Bianca dan Rosie menatap ke arah Erick dengan penasaran. Mereka berdua juga tidak mengetahui maksud dan tujuan Erick menemui Sophia setelah selesai persidangan.

"Terima kasih karena kamu mau datang ke persidangan," ucap Erick dengan tulus. Sophia membalasnya dengan sebuah senyuman yang manis.

"Bukankah sudah menjadi tugasku untuk hadir. Kakak tidak perlu sungkan dan mengucapkan terima kasih padaku," balas Sophia.

"Aku mempunyai hadiah untukmu," ungkap Erick sambil menyerahkan sebuah gantungan kunci berbentuk serigala kecil yang lucu.

Sophia mengamati benda kecil di atas telapak tangannya. Dia tidak menyangka Erick akan begitu perhatian dengan memberikannya sebuah hadiah.

"Ini adalah hasil karyaku di kelas. Semoga kamu menyukainya," imbuh Erick sambil tersipu. Sepertinya pemuda itu menyukai Sophia.

"Aku sangat berterima kasih atas hadiah yang lucu ini," balas Sophia dengan mata berbinar. Dia belum pernah menerima sebuah hadiah dari laki-laki sebelumnya.
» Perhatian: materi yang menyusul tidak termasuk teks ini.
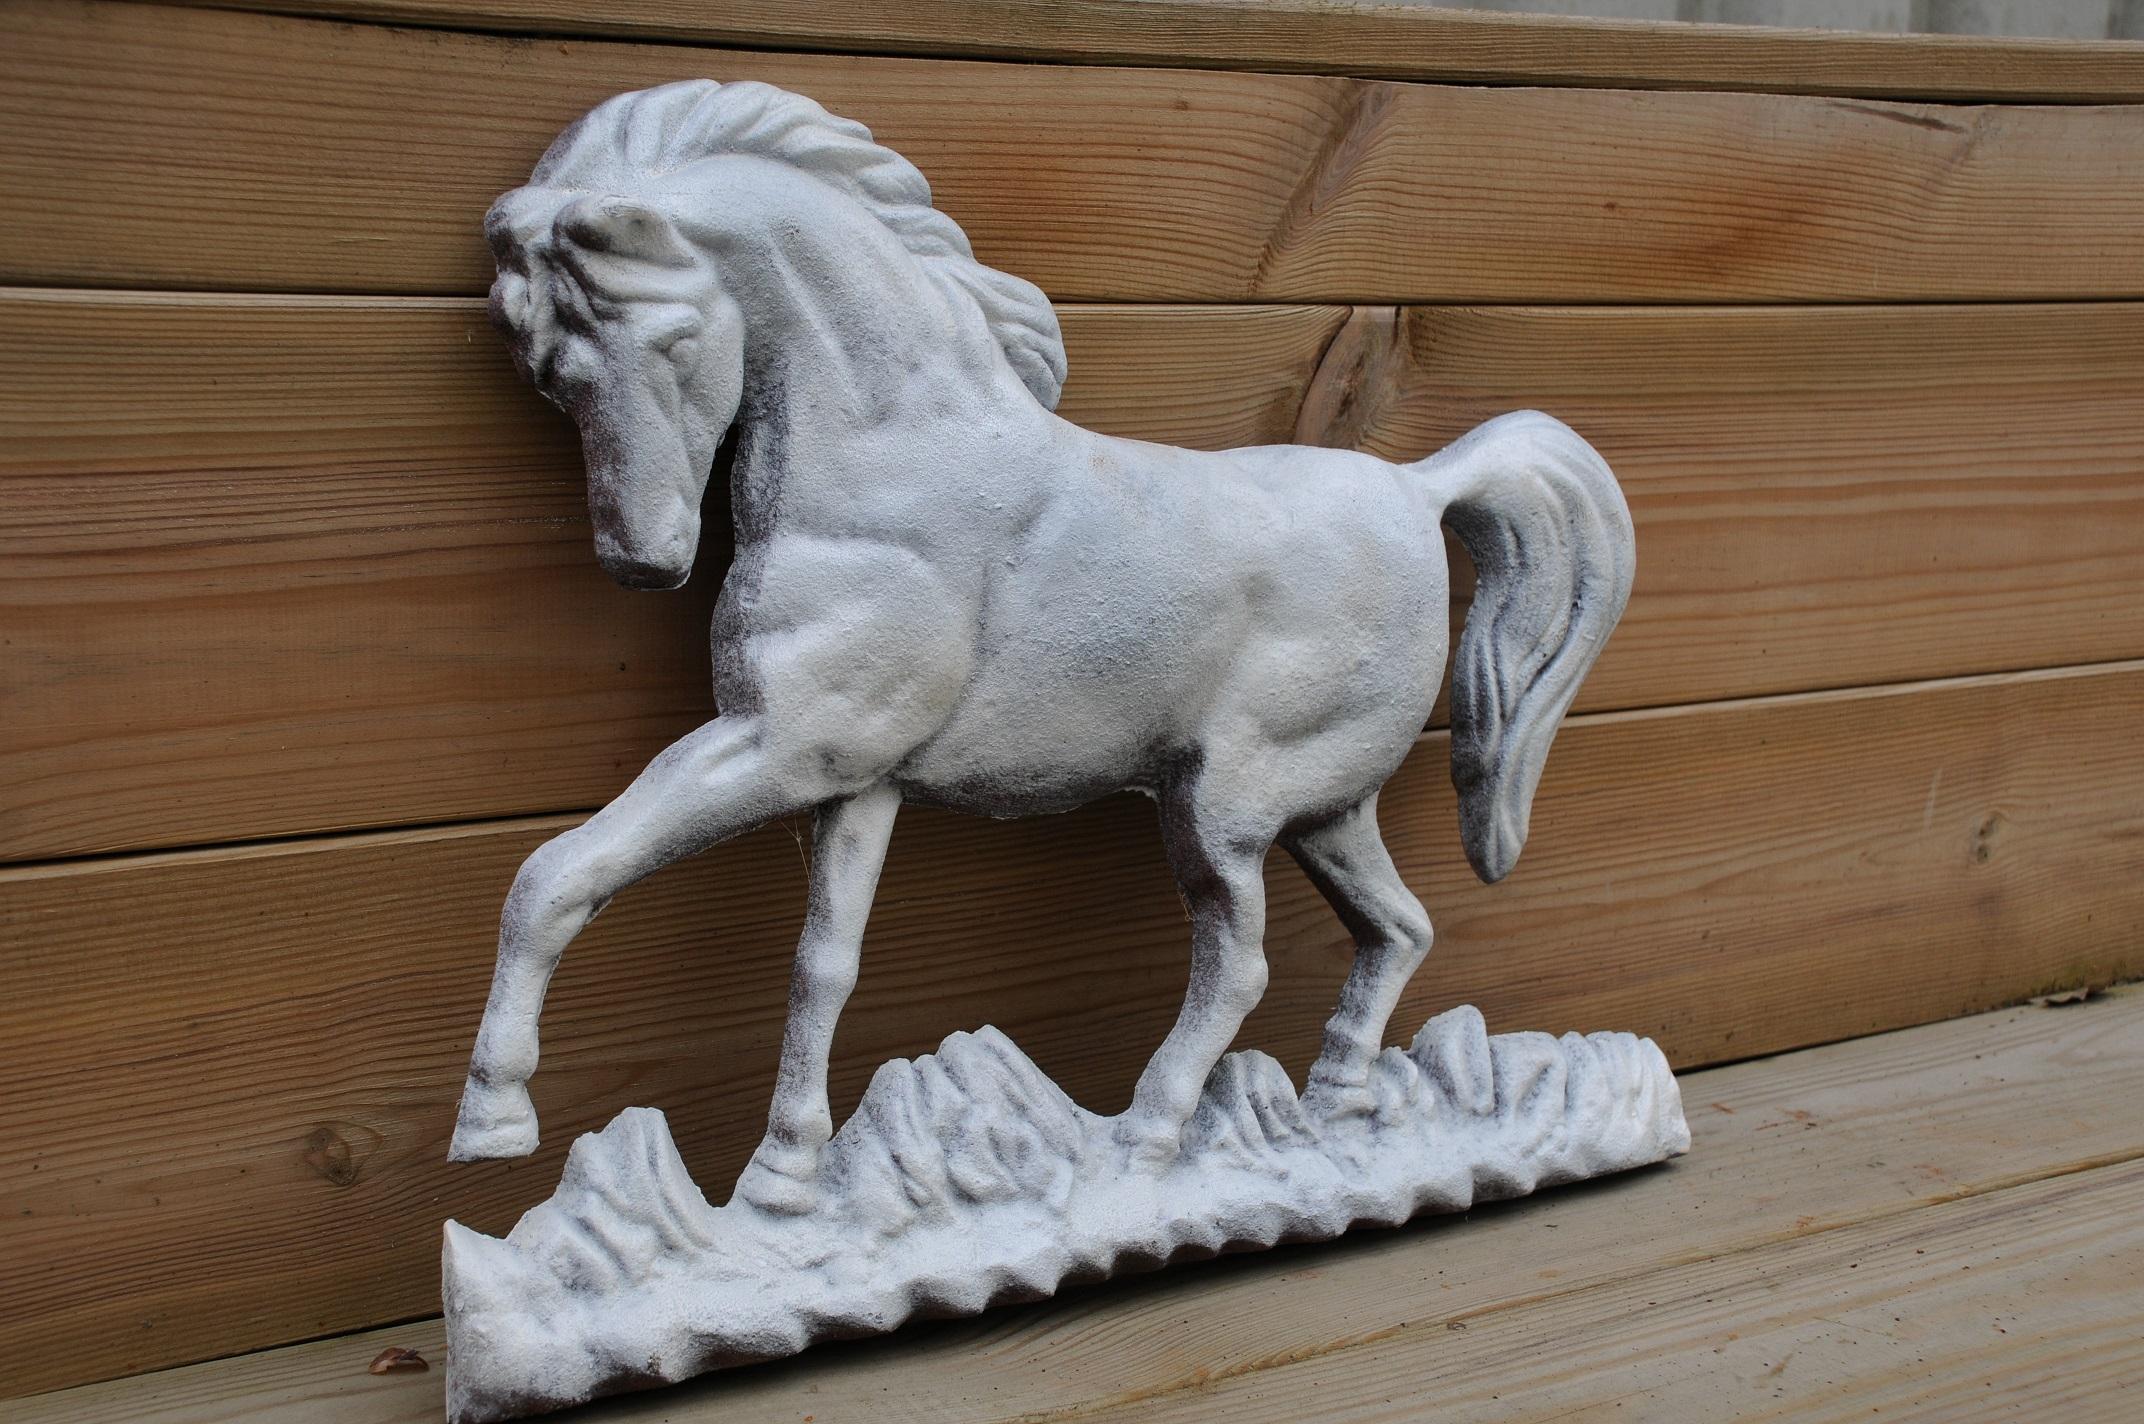 Tags decoratie antiek ijzer tuinmuur deuropening paard

"Aku permisi dulu!" pamit Erick sebelum meninggalkan mereka bertiga.

Rosie dan Bianca hanya terdiam melihat betapa baiknya Erick kepada Sophia. Mereka tidak menyangka sahabat sahabat mereka akan mempunyai penggemar seorang ketua asrama. Mereka sangat bangga.

"Hmmmmmm kak Erick romantis ya?" goda Rosie seraya mengerling ke arah Bianca yang juga turut tertawa melihat wajah Sophia.
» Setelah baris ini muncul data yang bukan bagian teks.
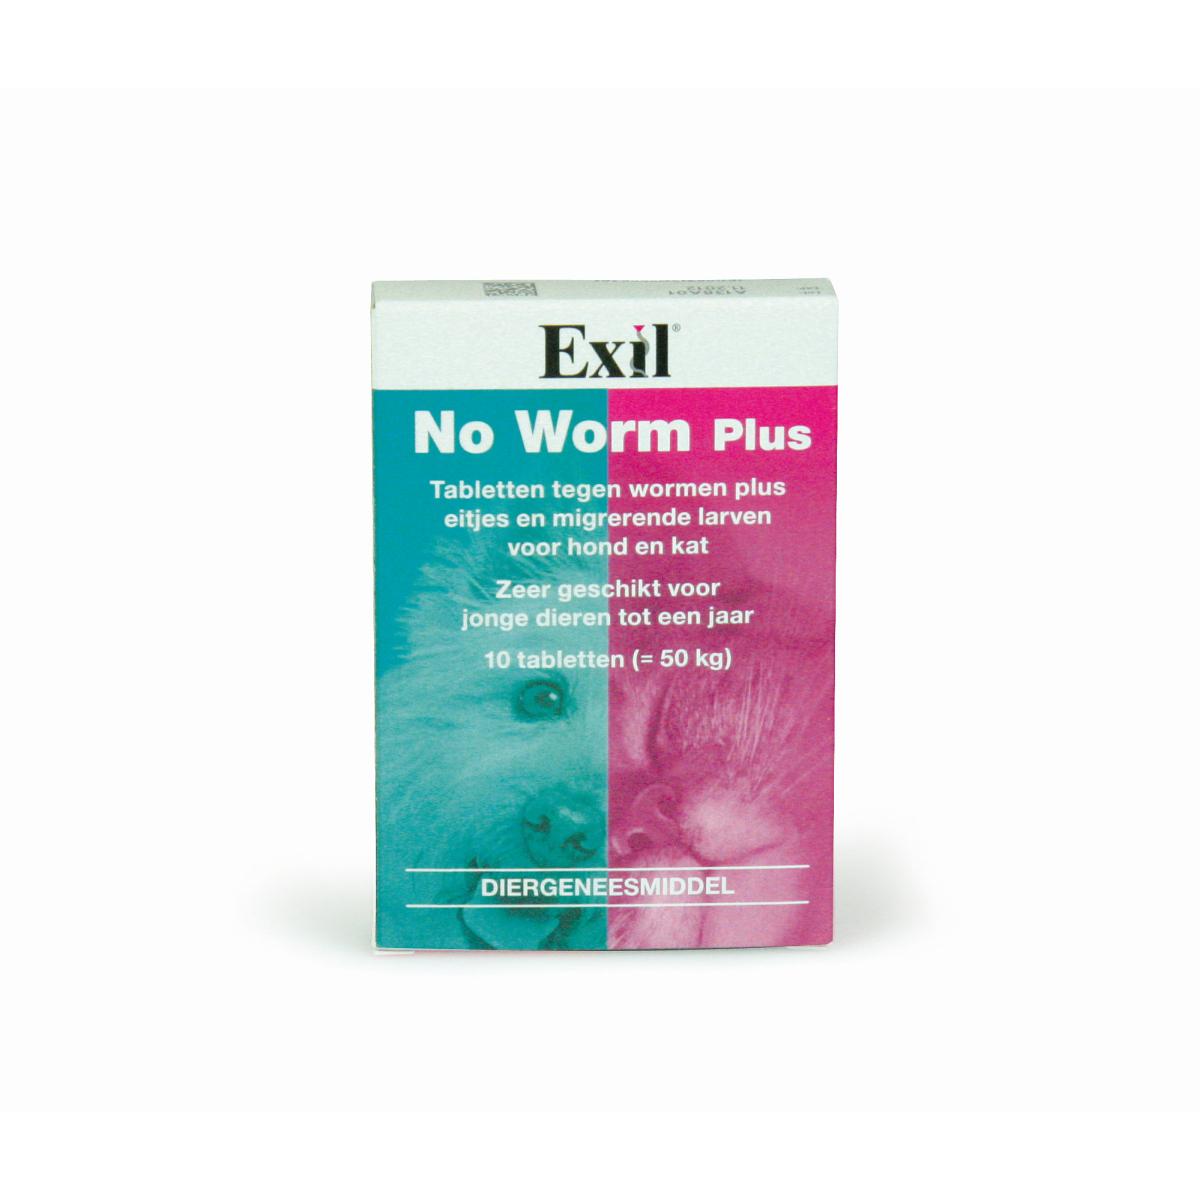 No worm plus hond&kat blauw/roze 10 tabl

"Apaan sih, ini tidak seperti yang kalian pikirkan," bantah Sophia dengan tersipu malu. Wajahnya bersemu merah.

"Memangnya apa yang ada di pikiran kami?" lanjut Rosie.

Bianca tertawa lepas karena merasa Sophia kalah bicara di depan dirinya dan Rosie. Mereka bertiga layaknya remaja lainnya yang sedang menikmati masa indah di dalam hidupnya.
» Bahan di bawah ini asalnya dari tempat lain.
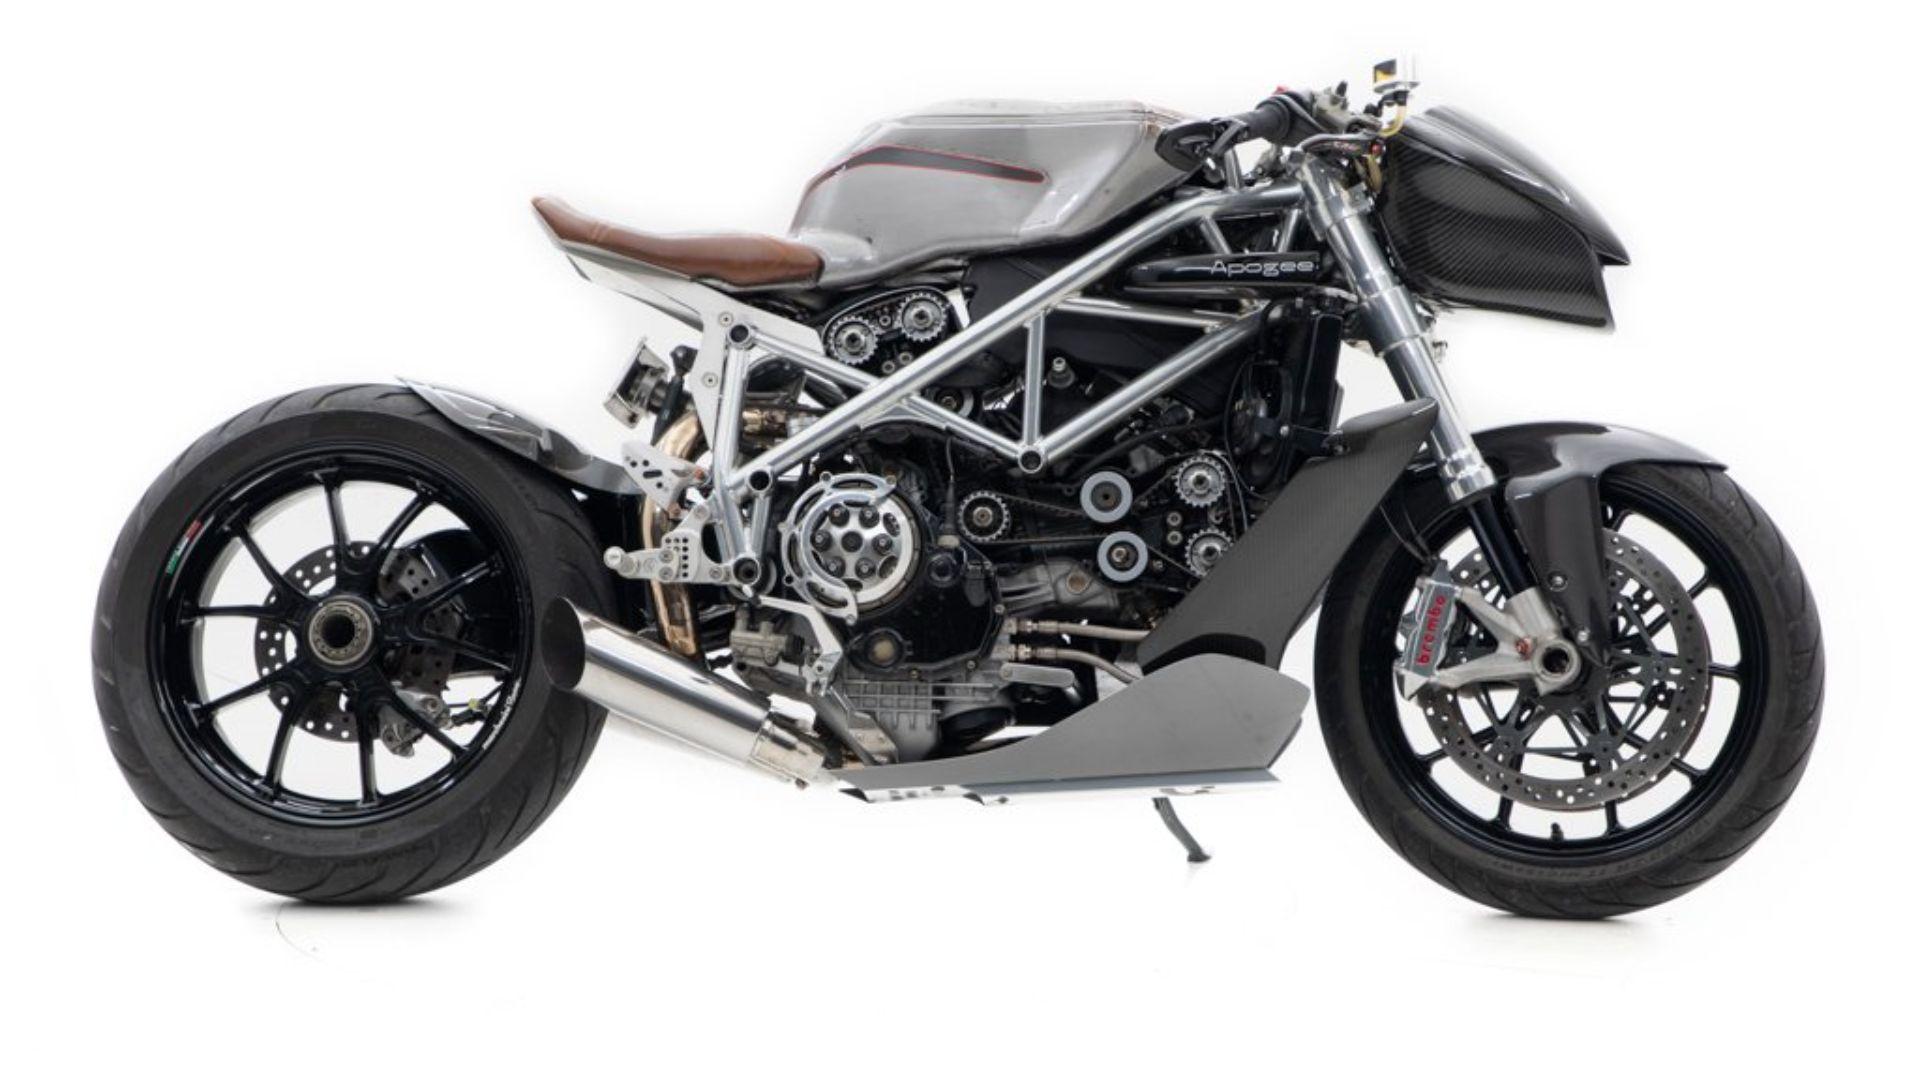 Motorcycle Monday: 2008 Ducati Apogee 1098R Raffale

"Tidak tahu," ucap Sophia untuk mengakhiri pembicaraan yang mengarah kepada Erick. Dia merasa tidak nyaman kalau pemuda sebaik Erick akan dikaitkan dengan dirinya.

"Ngomong-ngomong, bagaimana dengan Andrew Davidson? Apakah dia kalah saingan dengan si ketua asrama?" imbuh Bianca yang langsung mendapatkan cubitan dari Sophia. Ketiganya saling bercanda hingga tidak menyadari seseorang tengah mengawasi mereka dari jarak yang tidak terlalu jauh.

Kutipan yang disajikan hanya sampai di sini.